The Tim Buckley Archives


iMagazine (Australia) - 1996
(Forty Fat & Back column)

Tim Buckley's Legacy of the Unconscious

by Mike Gee

Death imbues some with immortality, recognition way beyond that they experienced in life. That it should be that way is as tragic as it is a reflection of the ponderous reality, that creativity, is more often than not, only recognized in historical overview.

We waste our precious few who dare to challenge, to explore, to offer something beyond the mundane and instantly acceptable. Culture feeds on its simple ability to be comforted by its superstars.

Music is after all about identification, it's about finding that track, sound, rhythm, song, expression that says "yes, somebody else has been this way too." Alanis Morrisette's Jagged Little Pill is the one swallowed by the millions. She is a voice for the vaguely discontented, for those who want to change - a little - but still want their security, their everydayness. Most don't want to walk the edge.

Tim Buckley walked the edge from day one. He knew nothing else and like so many he is more revered in death than during his too brief eight year, nine studio album outburst. A collection twisted with Buckley's relentless quest for answers.

Listen to Buckley's extraordinary voice, his sometimes wordless barrage of whoops, cries, cackles, shouts, melismas and moans, and find a communication way beyond the limitations of a dictionary or thesaurus. Without doubt Buckley's words were volatile but it's what he said when the words failed that made Buckley a giant.

His career was an absolute refusal for the first six albums (Tim Buckley, Goodbye and Hello, Happy/Sad, Blue Afternoon, Lorca and Starsailor) to play the game, to stand still, to be predictable. Dig out a copy of Starsailor - you'll never find it in a secondhand bin - those who have been exposed don't let it go. Few records have ever revealed the human psyche so well - perhaps Scott Walker's frightening, dark Wagnerian masterpiece from last year, Tilt, comes closest in spirit and brave facing off of the inner journey.

It is little surprise then Buckley backed off after Starsailor, his last three albums - Greetings from LA (probably his most famous and commercially accepted: it made Triple J's hottest albums to bonk to - how sad), Sefronia, and Look at the Fool - offering a wild sex-drenched, white boy, funk/soul fandango. Tim probably went too far inside, too fast but that was Buckley. He was excessive, he was impossible to keep on even keel, unaware of his own brilliance, so deeply ingrained into his own trip that he couldn't see his own destruction spearing over the horizon.

Then again, even if he could, he probably would've aimed straight for it.

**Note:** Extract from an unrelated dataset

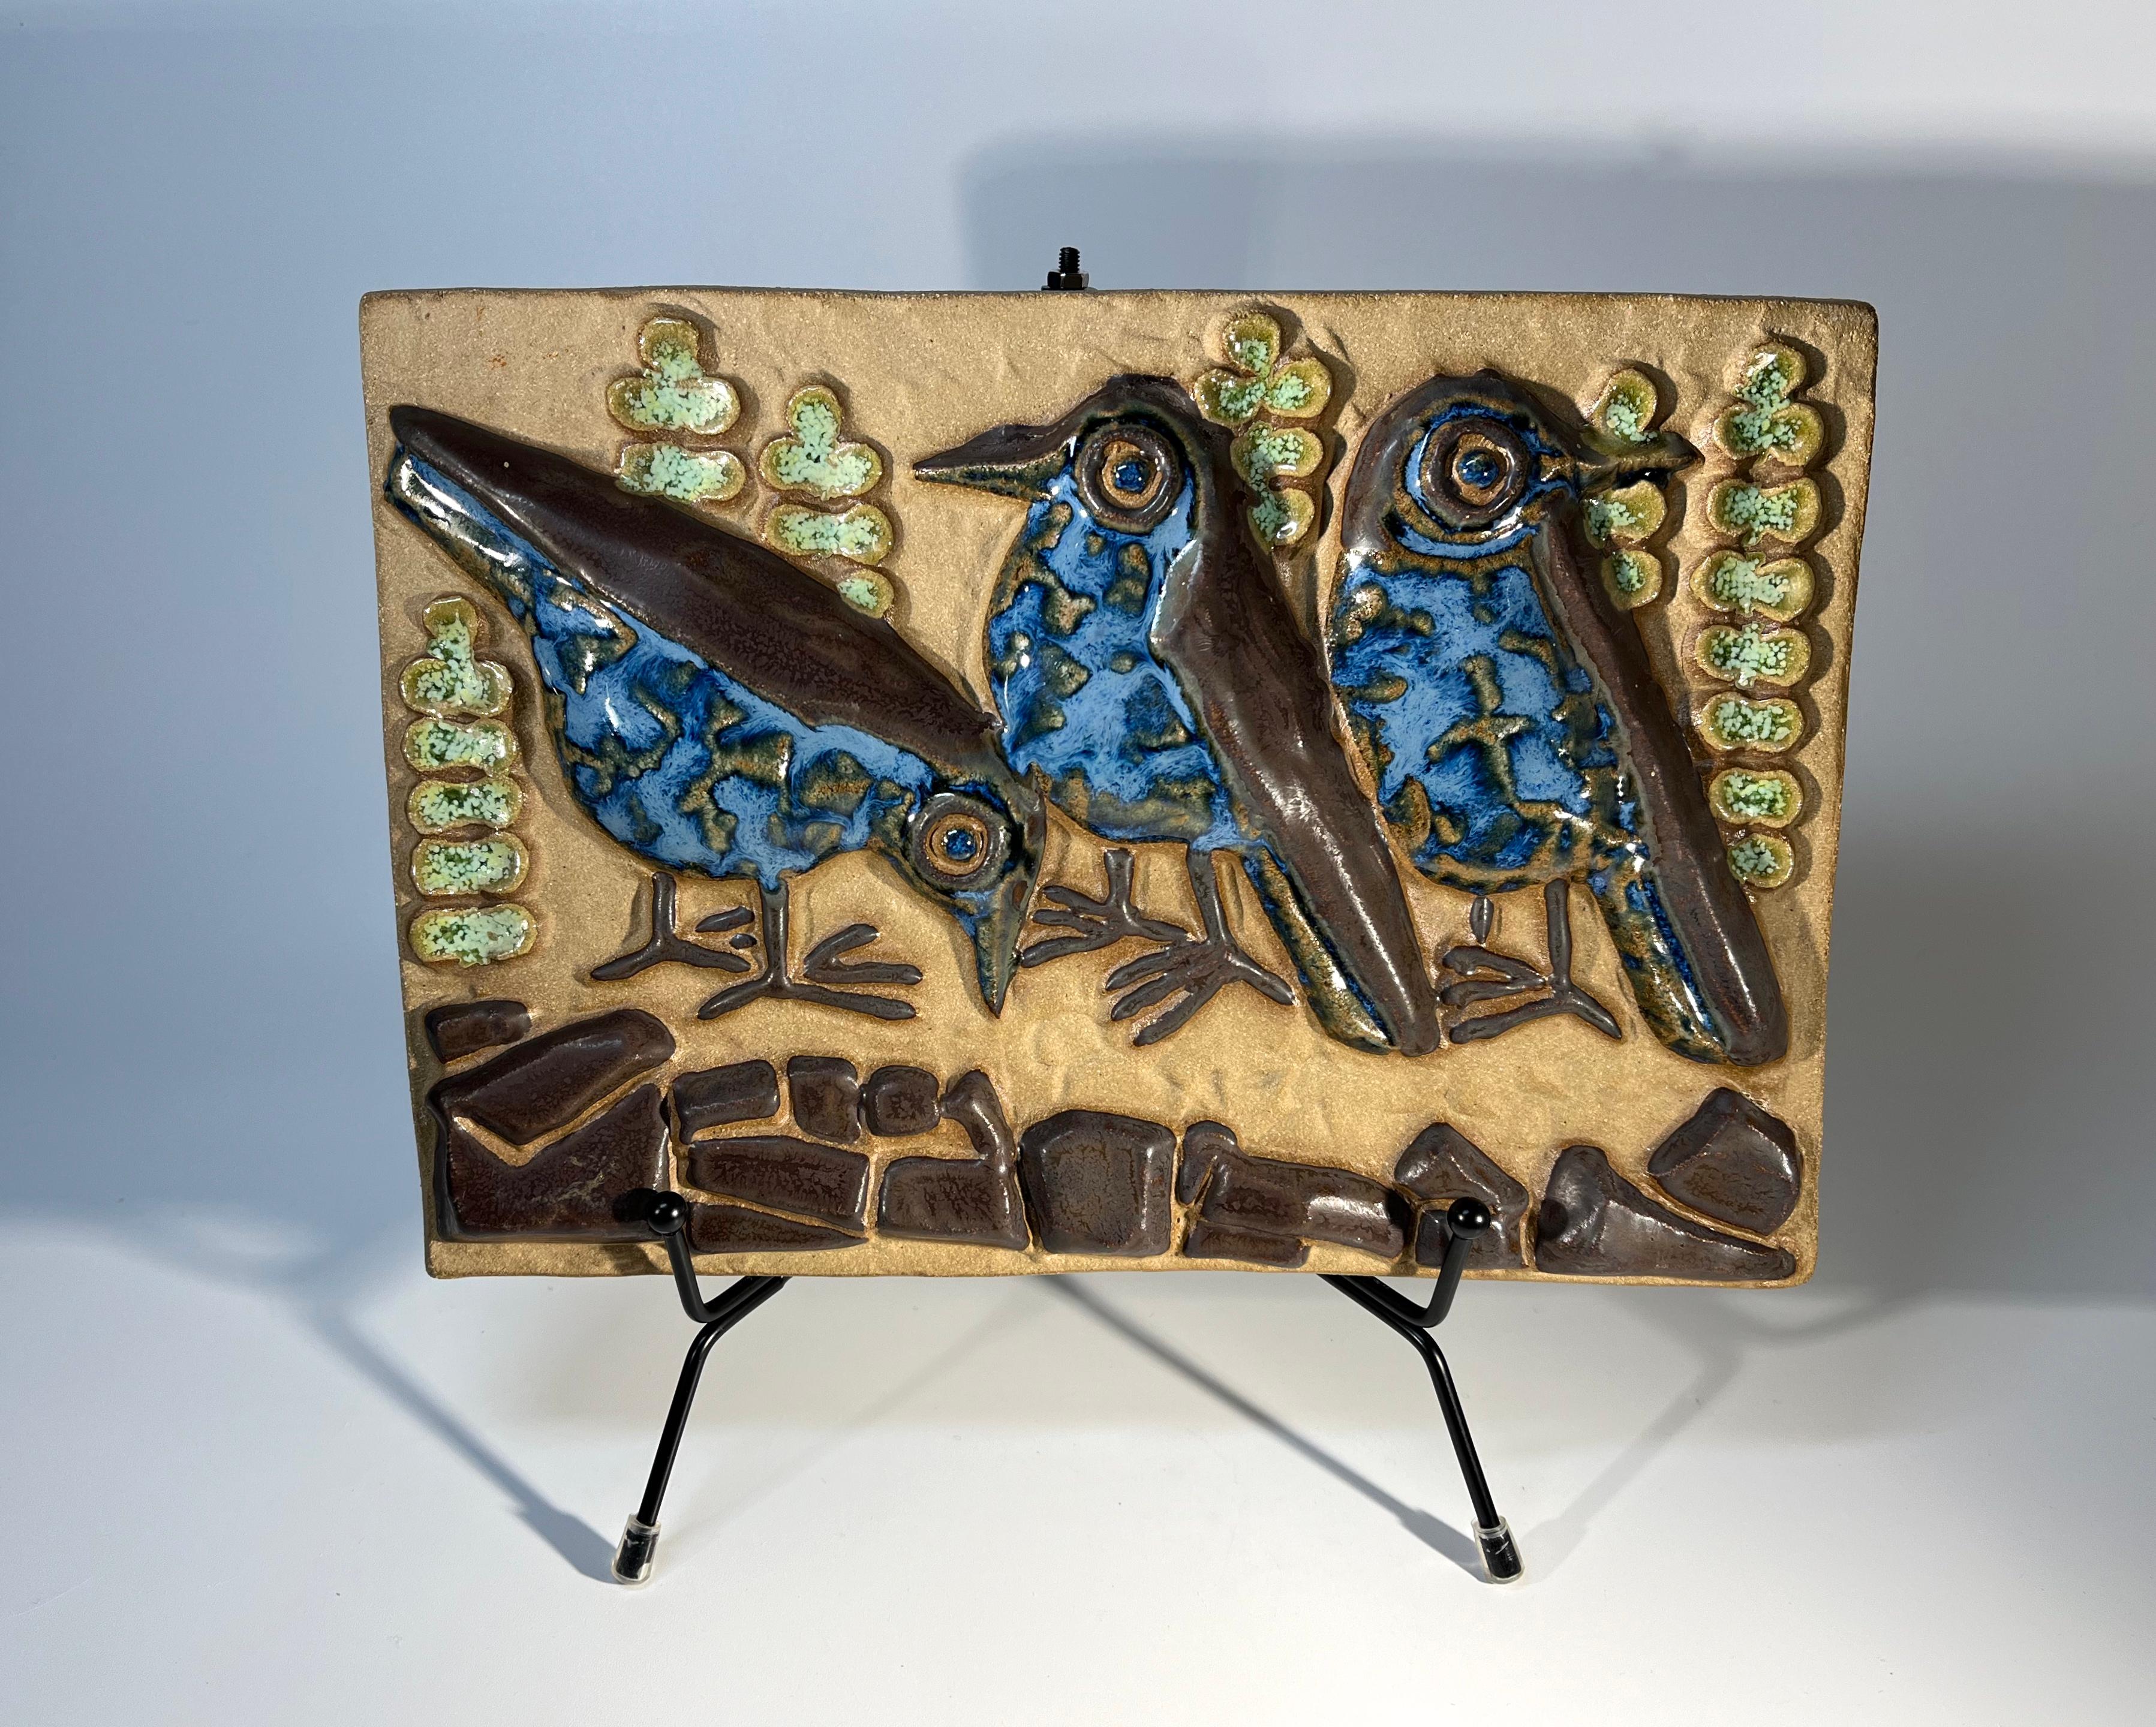 20th Century Bluebirds Trio By Marianne Starck For Michael Andersen. Danish Wall Plaque For Sale

By the age of 28, on June 25, 1975, Tim Buckley died of an accidental drug overdose.

Now we call it tragic, then it wasn't quite as, but we have the luxury of time and three live albums - the double set Dream Letter - Live in London, 1968 (1990, Bizarre/Straight/Rhino), Live at the Troubadour,1969 (1994, Bizarre/Straight/Edsel), and Honeyman - Live in New York,1973 (1995, Manifesto).

This Fat & Forty was originally going to be a working man's guide to the five years of Buckley these remarkable recordings span, but that would be short changing Tim.

Each of these records is essential: remember this is a man who was discovered and signed to Elektra in 1966 by Herb Cohen, manager of Frank Zappa and the Mothers of Invention amongst others, whose eponymous debut features Zappa's musicians, whose vocal range and styling prompted revered 1970s music critic Lillian Roxon to say "There is no name yet for the places his voice can go" - and there still isn't. This is a man whose music began in folk, leapt boundaries with a frightening rapidity into folk/jazz odyssey before reaching the edge of the avant-garde and slipping finally back to funk and soul.

In these three live sets, Tim Buckley grows, blossoms, sets off on some fantastic journeys, reaches a crescendo of remarkable brilliance. In them there are echoes of the East Coast jazz improvisation that so inspired his most tangential and mercurial period, of Miles, Mingus, Coltrane, Dylan, Joplin, Zappa, Van Morrison. History already records Tim Buckley - like Hendrix - as a genuine original, and like Hendrix an impossible act to follow. There would be no Buckley imitators, no Buckley movement because it was simply impossible: how do you follow, imitate a five-and-a-half octave range and a music that knew no parameters, only open-ended dimensions.

Max Bell, one of NME's finest writers of the period, summed it up perfectly when he wrote of "The four horsemen of one particular apocalypse" - Hendrix, Joplin, Morrison and Buckley. Tim deserves such company: he's probably jamming with them right now.

A year before he died Buckley remarked "My life does not depend on Top 40. It's so anonymous, it always has been, and that's not where it is, that's not where people are. I don't put it down - there are a lot of great songs - but I just don't fit there." The truth is hard to bear but Buckley knew it then as most know it now.